WHAT IS BEING ASKED:
When the line containing "Digimon Adventure Characters List w/ Photos" appears in the entries below, begin printing there and stop after the line containing "Logo Cross Global Event blanc"; print each of those lines exactly and no other line.

RECORD EXCERPTS:
§
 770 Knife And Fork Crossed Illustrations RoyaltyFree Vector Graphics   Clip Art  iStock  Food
§
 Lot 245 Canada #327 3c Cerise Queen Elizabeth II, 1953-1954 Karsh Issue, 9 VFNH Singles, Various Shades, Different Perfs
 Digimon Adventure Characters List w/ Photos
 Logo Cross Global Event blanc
§
EXERCISE ANSWER:
 Digimon Adventure Characters List w/ Photos
 Logo Cross Global Event blanc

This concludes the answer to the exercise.